遠藤周作は1996年9月29日午後6時36分肺炎による呼吸不全のため、慶應義塾大学病院で死んだ。73歳であった。葬儀告別式は、10月5日午後1時半から東京都千代田区麹町6-5-1 聖イグナチオ教会で行われた。喪主は妻順子さん。9月30日付朝日新聞の朝刊は弱者に優しい眼差しという見出しで報じていた
深い河を1913年6月講談社から刊行され翌年1月毎日芸術賞受賞した。その成立には深い陣痛が伴っていた。深い河創作日記は1991年8翌年11月29日終わっている。初稿が脱稿したのはこの年の秋9月8日であった。平成5年5月25日腎臓手術前後の闘病日記は口述筆記である。
「平成3年も最後の日なり。余、病弱の身にて漸く68歳の年齢を終えんとす。昔日、50歳まで生きればと思いたること、夢のごとし、今日まで理解してくれる生かしてくれた神に感謝せざるべからず」
翌年正月には、血圧170から90となり、1ヶ月以上の目眩(30日)が続き、腹痛、頭痛を訴え、書くことの苦しさ、挫折感(3月6日)さえ訴えている。そして4月21日「血痰」を見る。小説を書く気力も失せ(7月19日) 30日はこう書いている
「なんという苦しい作業だろう。小説を完成させることは、広大な、あまりに広大な石だらけの土地を掘り、耕し、耕作地にする努力。主よ、私は疲れました。もう70歳の私にはこんな小説はあまりに辛い労働です。しかし完成させねばならぬ。マザー・テレサが私に書いてくれた。(God blesse you througt your writing)

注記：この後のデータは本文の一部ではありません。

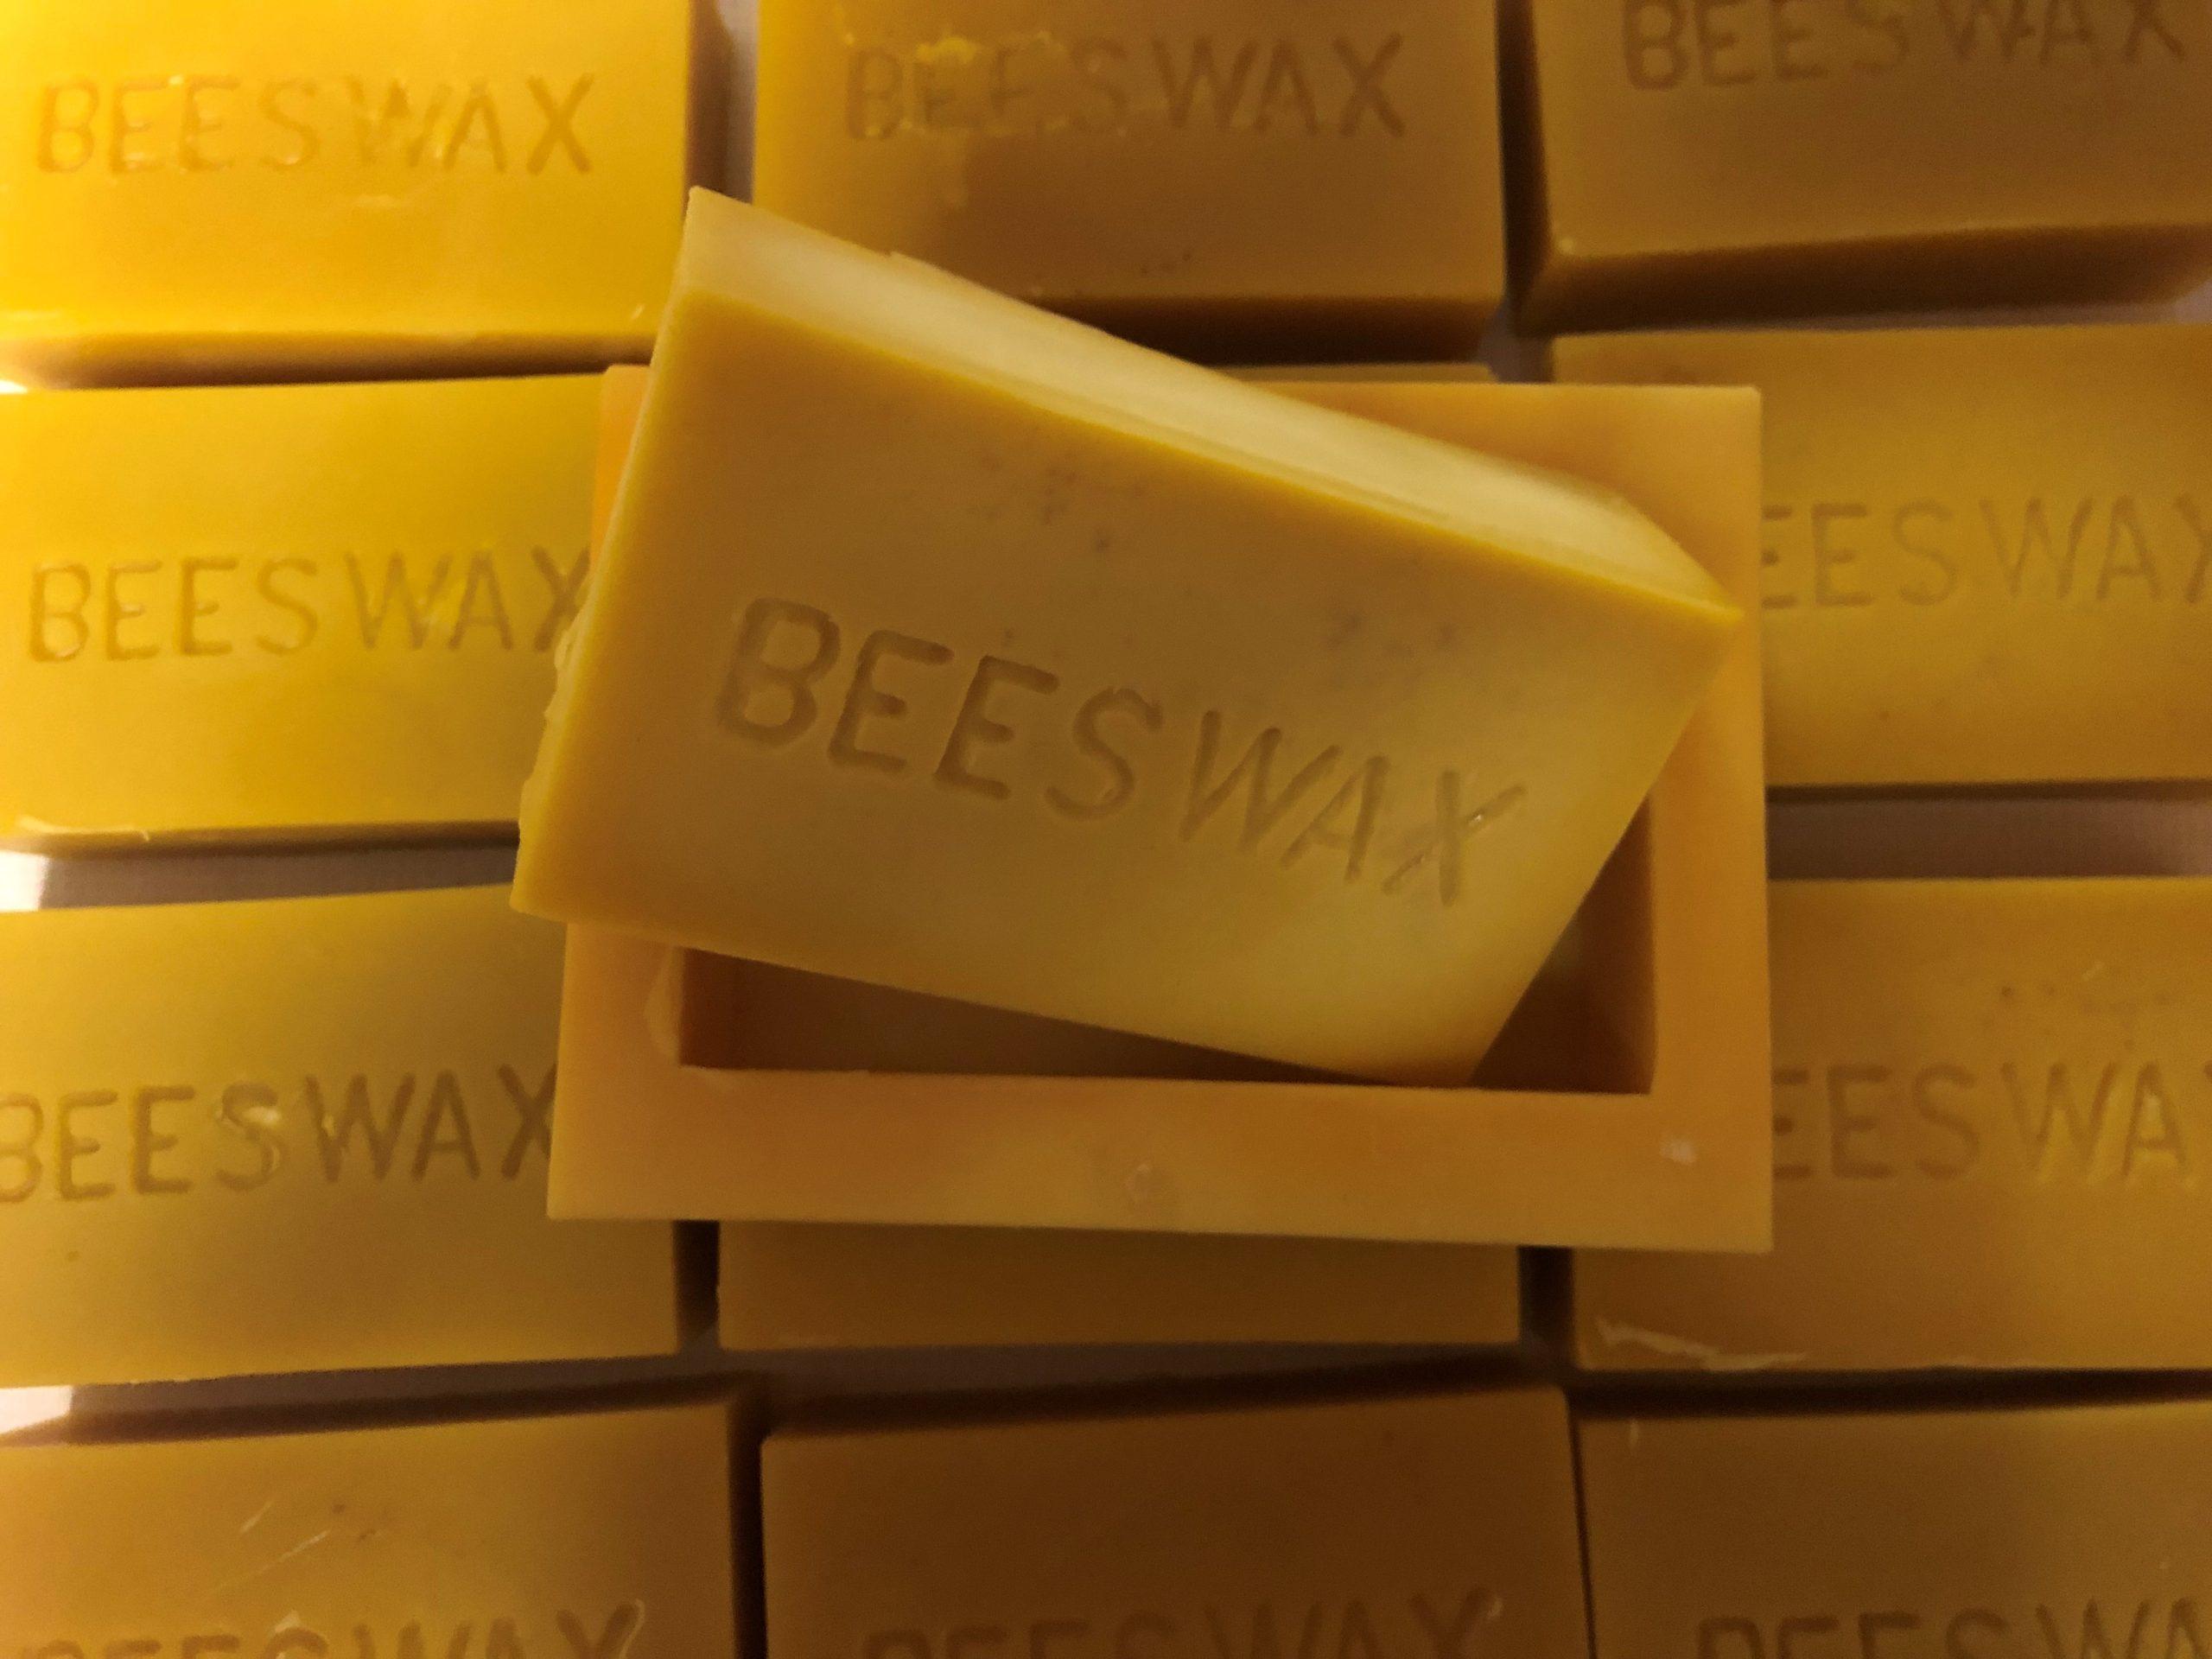 Raw Beeswax Blocks for candles and projects - Meyer Bees
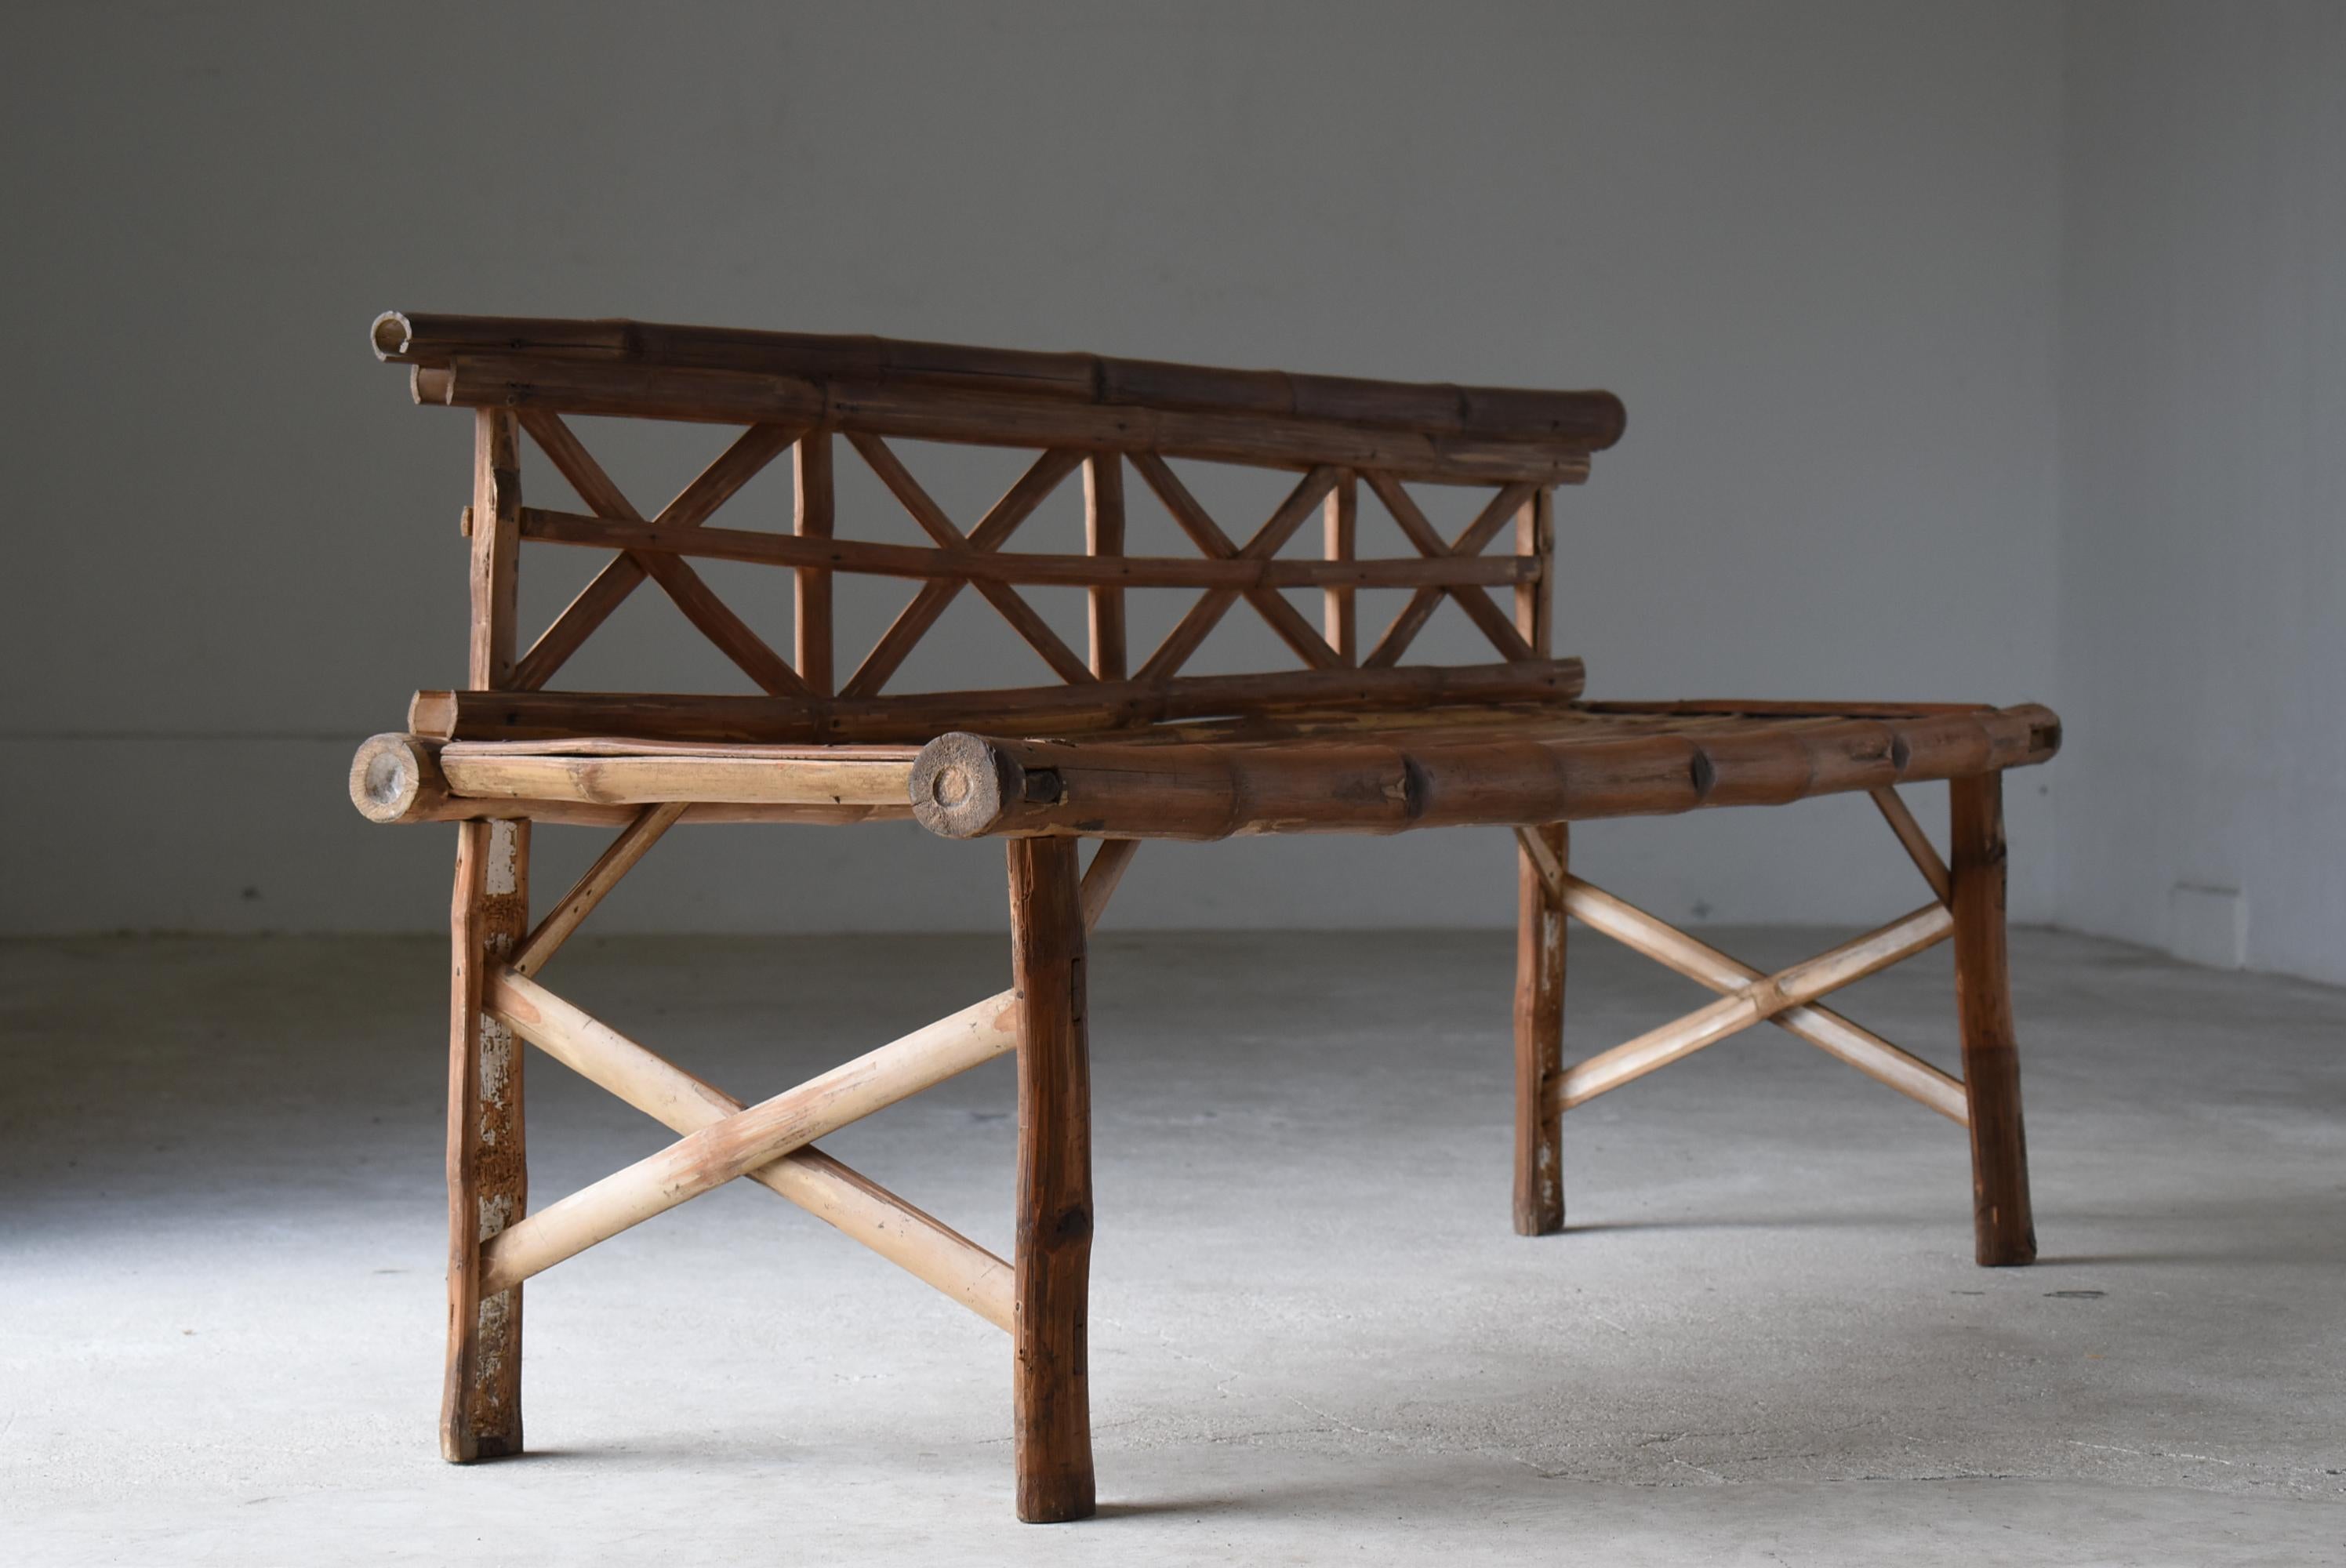 Japanese Old Bamboo Bench 1940s-1960s / Long Chair Mingei Wabisabi 2

こういう状況で9月8日、ようやく初稿を脱稿したのだが、やがて腎臓の異常が見つかり「余命の少なきを感じる」(9月24日)。「自分の死がいよいよ近づいていることを思う。どういう状態で、どういう苦しさで死ぬかを想像」(10月21日)する。これらの日記を彩っているのは、終末の予感である。10月24日腎臓病で入院。翌月、糖尿病の併発も判明。「自分の晩年が盲目になるやもしれぬとは考えもしなかった。人生の最週末が悲惨な結果で幕をとじるとは考えもしなかった」(11月7日)と……
平成5年5月21日順天堂大学病院入院。いよいよ腎臓の手術。
「今日の手術ほど痛く。有楽、堪えられぬものはなかった。途中このまま殺してほしいと何度も思った。痛み、激痛起こり、唇も下もカラカラに乾き、一秒でも早く手術が終わることばかりを念じつつ、二時間半を堪えに堪えた。(略)七十の体にはあまりに辛い一日だった。(略)この小説のために文字通り骨身を削り、今日の痛みをしのがねばならなかったのか。」(5月25日)
その後、作者は1995年9月、脳内出血で倒れ、順天堂大学病院に入院し、12月退院。又翌年四月、腎臓病治療のため慶応義塾大学病院へ入院し、9月29日、午後六時三十六分、「肺炎により呼吸不全」のため不帰の人となったのである。